López-Carbonell David, Legarra Andrés, Altarriba Juan, Hervás-Rivero Carlos, Sánchez-Díaz Manuel, Varona Luis
Genética Cuantitativa y Mejora Animal, Universidad de Zaragoza, Instituto Agroalimentario de Aragón (IA2), Zaragoza, Spain.
CDCB, Bowie, Maryland, USA.
J Anim Breed Genet. 2025 Jul;142(4):454-462. doi: 10.1111/jbg.12918. Epub 2024 Dec 19.
Genetic trends are a valuable tool for analysing the efficiency of breeding programs. They are calculated by averaging the predicted breeding values for all individuals born within a specific time period. Moreover, partitioned genetic trends allow dissecting the contributions of several selection paths to overall genetic progress. These trends are based on the linear relationship between breeding values and the Mendelian sampling terms of ancestors, enabling genetic trends to be split into contributions from different categories of individuals.
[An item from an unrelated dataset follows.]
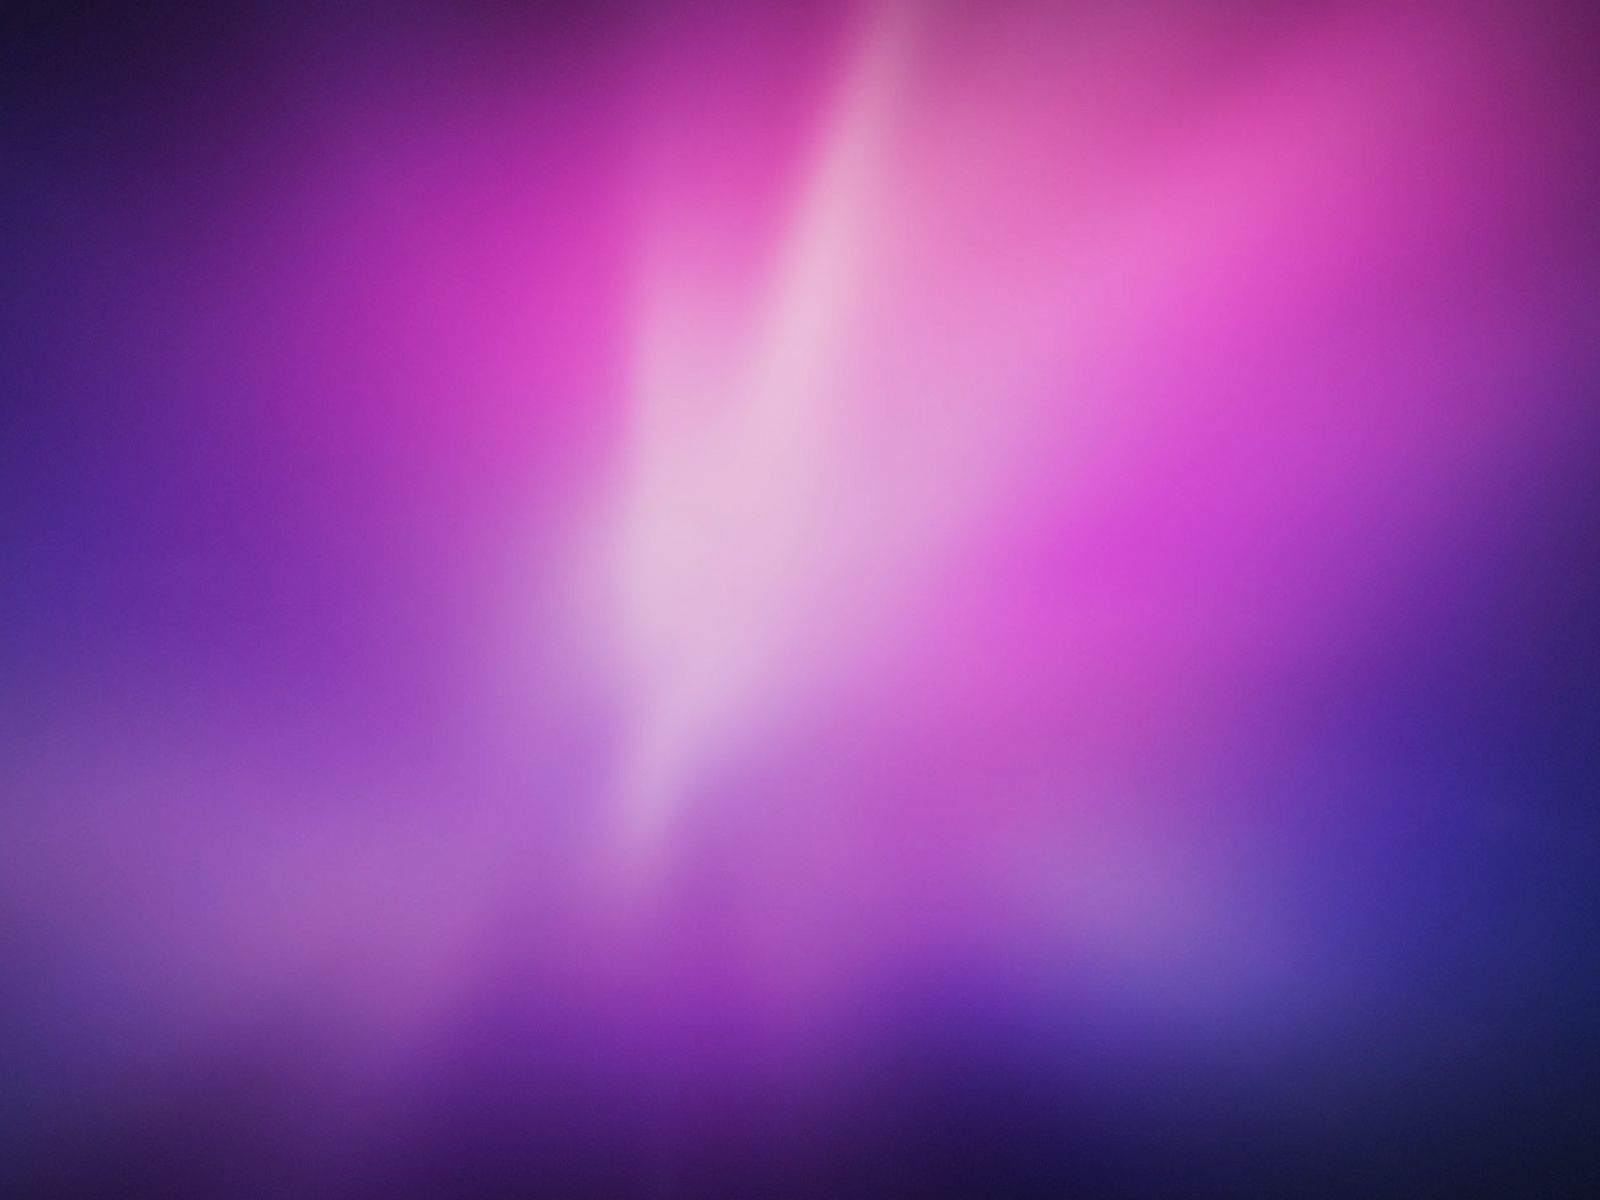 Apple Macbook Templates Backgrounds - Abstract, Pink, Purple

However, (1) the use of predicted breeding values in calculating partitioned genetic trends depends on the variance components used and (2) a multiple trait analysis allows accounting for selection on correlated traits. These points are often not considered. To overcome these limitations, we present a software called "TM_TRENDS." This software performs a Bayesian analysis of partitioned genetic trends in a multiple trait model, accounting for uncertainty in the variance components. To illustrate the capabilities of this tool, we analysed the partitioned genetic trends for five traits (Birth Weight, Weight at 210 days, Cold Carcass Weight, Carcass Conformation, and Fatness Conformation) in two Spanish beef cattle breeds, Pirenaica and Rubia Gallega. The global genetic trends showed an increase in Carcass Conformation and a decrease in Birth Weight, Weight at 210 days, Cold Carcass Weight, and Fatness Conformation. These trends were partitioned into six categories: non-reproductive individuals, dams of females and non-reproductive individuals, dams of sires, sires with fewer than 20 progeny, sires between 20 and 50 progeny, and sires with more than 50 progeny. The results showed that the main source of genetic progress comes from sires with more than 50 progenies, followed by dams of males. Additionally, two additional features of the Bayesian analysis are presented: the calculation of the posterior probability of the global and partitioned genetic response between two time points, and the calculation of the posterior probability of positive (or negative) genetic progress.
遗传趋势是分析育种计划效率的一项重要工具。它通过对特定时间段内出生的所有个体的预测育种值求平均来计算。此外,划分后的遗传趋势有助于剖析多条选择路径对总体遗传进展的贡献。这些趋势基于育种值与祖先孟德尔抽样项之间的线性关系,使得遗传趋势能够被分解为不同类别个体的贡献。然而,(1)在计算划分后的遗传趋势时使用预测育种值取决于所使用的方差成分,并且(2)多性状分析能够考虑对相关性状的选择。这些要点常常未被考虑到。为克服这些限制,我们推出了一款名为“TM_TRENDS”的软件。该软件在多性状模型中对划分后的遗传趋势进行贝叶斯分析,同时考虑方差成分中的不确定性。为说明此工具的功能,我们分析了西班牙两个肉牛品种皮雷纳卡(Pirenaica)和鲁维亚加列戈(Rubia Gallega)的五个性状(出生体重、210日龄体重、冷胴体重、胴体形态和脂肪形态)的划分后遗传趋势。总体遗传趋势显示胴体形态有所增加,而出生体重、210日龄体重、冷胴体重和脂肪形态有所下降。这些趋势被划分为六个类别:非繁殖个体、母畜(雌性和非繁殖个体)、父畜的母畜、后代少于20头的父畜、后代在20至50头之间的父畜以及后代多于50头的父畜。结果表明,遗传进展的主要来源是后代多于50头的父畜,其次是公畜的母畜。此外,还介绍了贝叶斯分析的另外两个特点:两个时间点之间总体和划分后遗传响应的后验概率计算,以及正向(或负向)遗传进展的后验概率计算。